As part of their long-standing war on the Affordable Care Act, conservatives have filed a lawsuit willfully misreading the statute to deny upward of 10 million people subsidies to purchase insurance. This denial of insurance will almost certainly lead to significant amounts of preventable death and suffering.

Michael Strain of the American Enterprise Institute doesn’t deny any of this. Instead, he argues that some suffering and death may well be a price worth paying:

In a world of scarce resources, a slightly higher mortality rate is an acceptable price to pay for certain goals — including more cash for other programs, such as those that help the poor; less government coercion and more individual liberty; more health-care choice for consumers, allowing them to find plans that better fit their needs; more money for taxpayers to spend themselves; and less federal health-care spending. This opinion is not immoral. Such choices are inevitable. They are made all the time. [The Washington Post]

At a high enough level of abstraction, what Strain is saying isn’t wrong. Not all public policy can function on the basis of keeping mortality rates to the lowest possible number.

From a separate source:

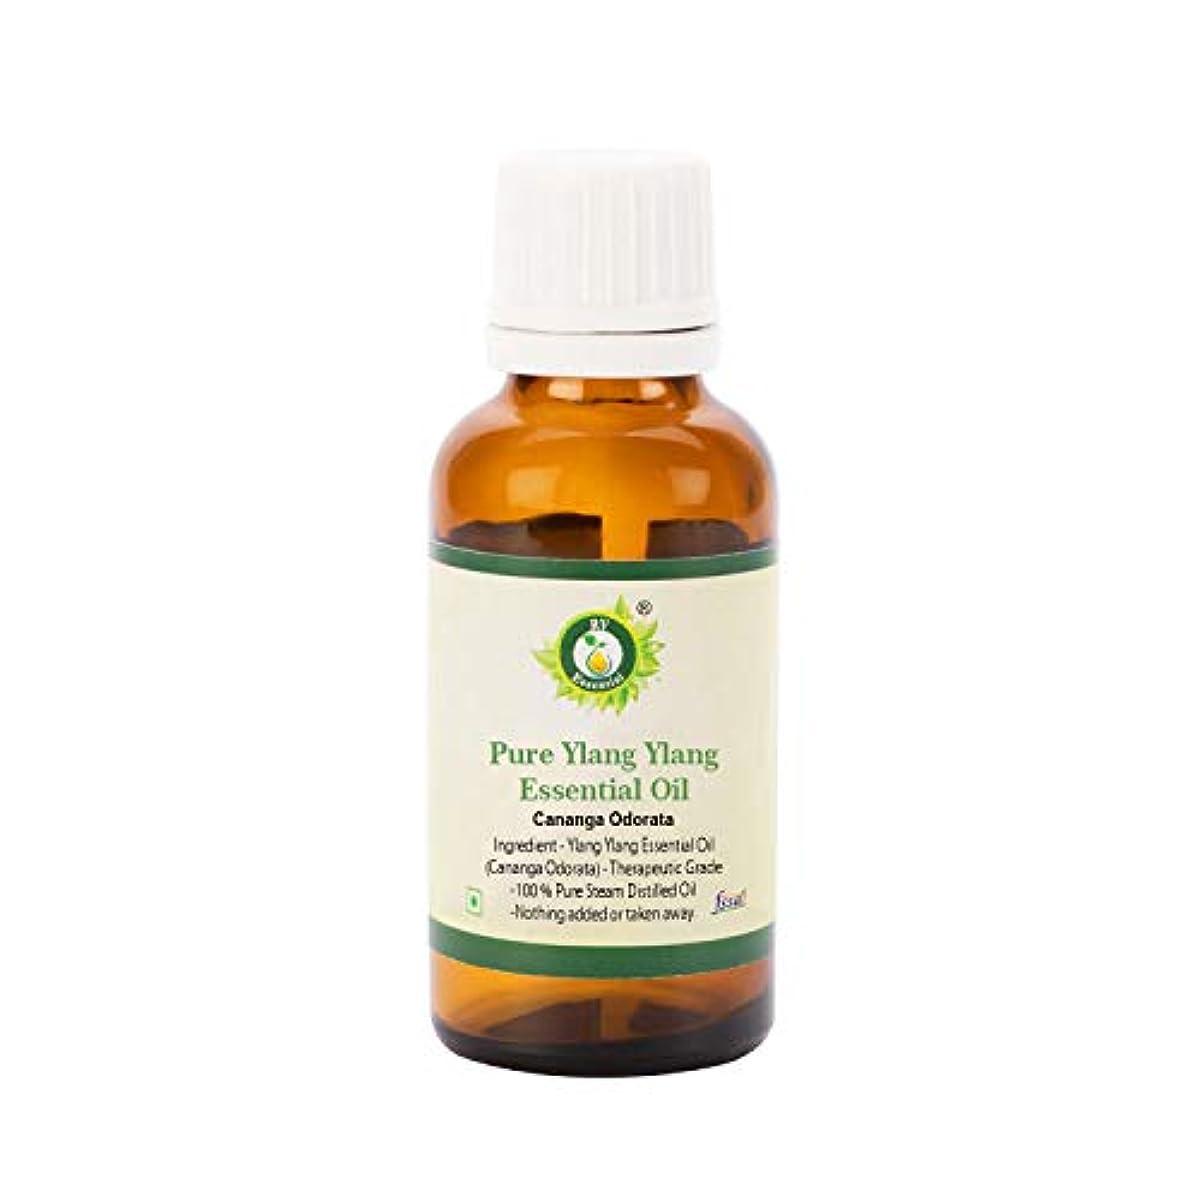 どれか感情の貢献するR V Essential ピュアイランイランエッセンシャルオイル10ml (0.338oz)- Cananga Odorata (100%純粋&天然スチームDistilled) Pure Ylang Ylang Essential...

Some lifesaving treatments might help so few people and cost so much that they might not be worth it. Even major infrastructure projects entail some risk of injury or death on the part of workers, but few people would argue that any such risk is unacceptable.

But the fact that the costs of the ACA might theoretically exceed the benefits doesn’t get us very far. What benefits, exactly, would accrue if millions of people were denied medical coverage because the ACA is seriously damaged or destroyed? It’s here that Strain’s argument falls apart.

One potential line against the ACA is the radical libertarian one, holding that any effort by the government to provide health care to the non-affluent represents an unacceptable level of state coercion. The problem here is that the “freedom” to die of preventable illnesses and injuries is not one the vast majority of people value very highly. A Republican Party committed to these principles would be transformed into an electoral coalition that would make Barry Goldwater’s 52 electoral votes in 1964 look robust.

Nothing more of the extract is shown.